At 8:30 a.m., a congregation featuring Wyoming’s political elite -- former Govs. Mike Sullivan, Jim Geringer and Dave Freudenthal; Sens. Mike Enzi, John Barrasso and Al Simpson; Rep. Liz Cheney -- and numerous legislators joined Gordon’s family for a prayer service. Officiated by the Rev. Carol Buckingham of Kaycee, the service included a passage from the bible where John the Baptist offered to wash Jesus' feet. Christ declined and instead did the service himself. Buckingham followed with a sermon on the selflessness of service -- comparing government to a cattle branding -- and an “on-the-ranch” mentality that extends to Wyoming’s government.
“Think of the branding, where everyone works as a team and what we can accomplish is a branded and vaccinated cow,” Buckingham said. “Christ has called us to a life of serving others, and that’s what the towel and the basin represent. Dr. Martin Luther King Jr. said, ‘Everyone can be great, because everyone can serve.’ You don’t have to have a college degree to serve. You only need a heart full of grace, a soul generated by love.”

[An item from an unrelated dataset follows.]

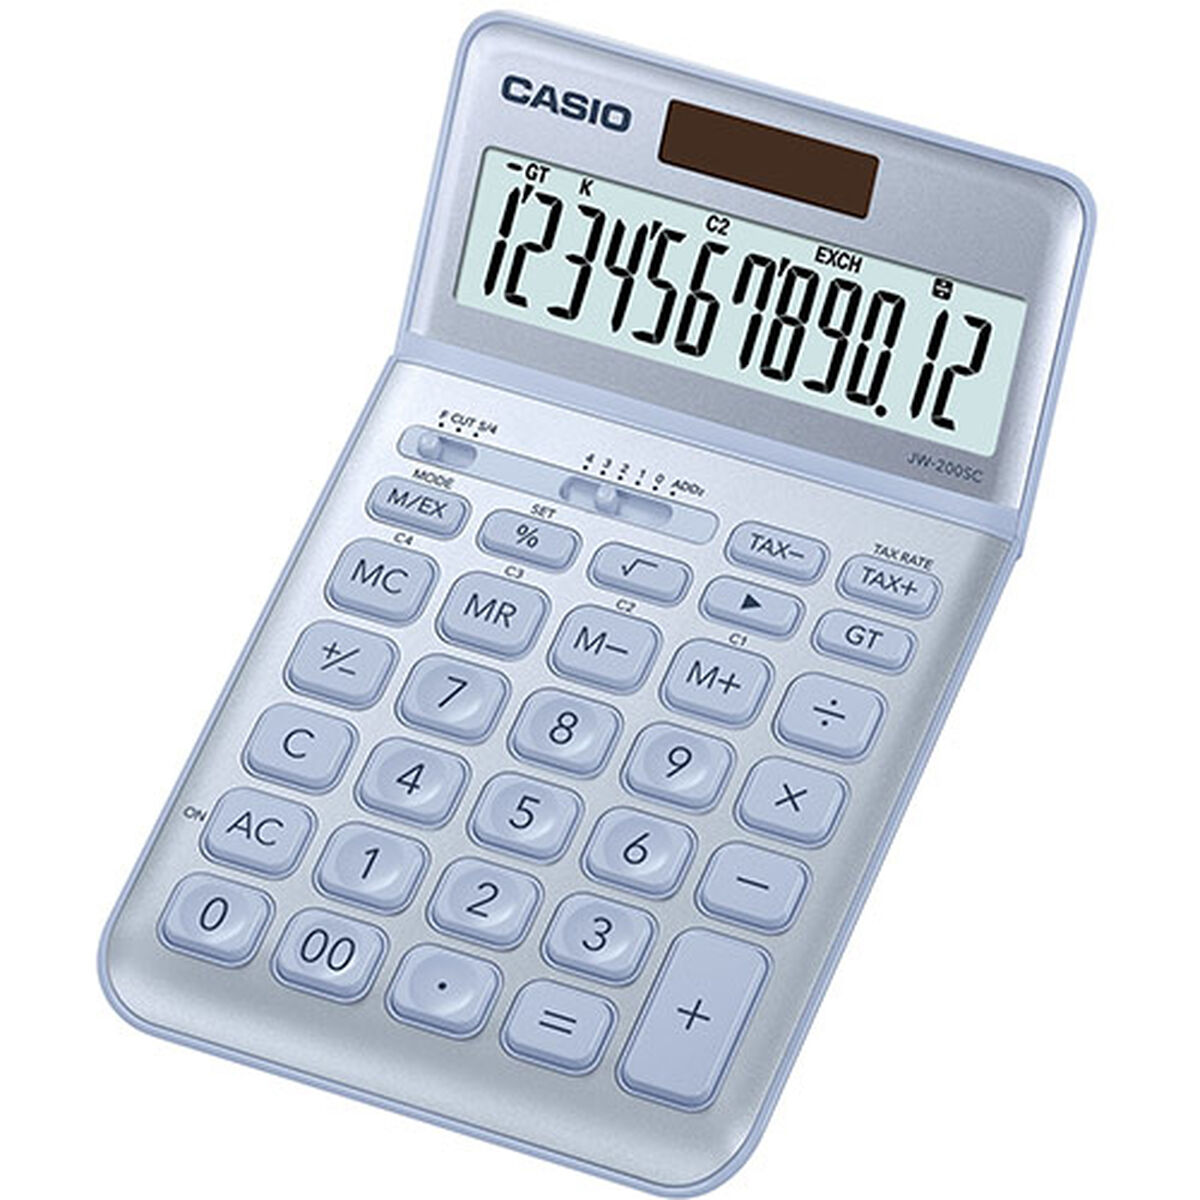 Calculator Casio JW-200SC-BU Albastru Plastic (18,3 x 10,9 x 1 cm)

Gordon, throughout his speech, seemed to embody that spirit of service, recognizing members of the military and others who serve Wyoming as well as the need for all its people to pitch in to strive for a better government. But Gordon also spoke to a spirit of optimism in moving the state forward and the power of the individual in moving the state forward.
“Reaching our potential will not be easy,” he said. “We have challenges ahead. But if our history teaches us anything it is that we in Wyoming are resourceful and that throughout our history our state has been blessed with pragmatic, effective and strong leaders.”
To close his speech, Gordon expressed the confidence that he -- and those beside him -- have the capacity to be just as strong.
“My friend, the late Raymond Plank, founder of Apache Oil and the Ucross Foundation, philanthropist, businessman, and founder of the Wyoming Futures Project, once wrote, ‘The capacity of the individual is infinite. Limitations are largely of habit, convention, acceptance of things as they are, fear or self-confidence.’ He was right. Our best days are ahead of us.”
“We have work to do,” Gordon added. “So let us go forth with confidence, with courage and with conviction.”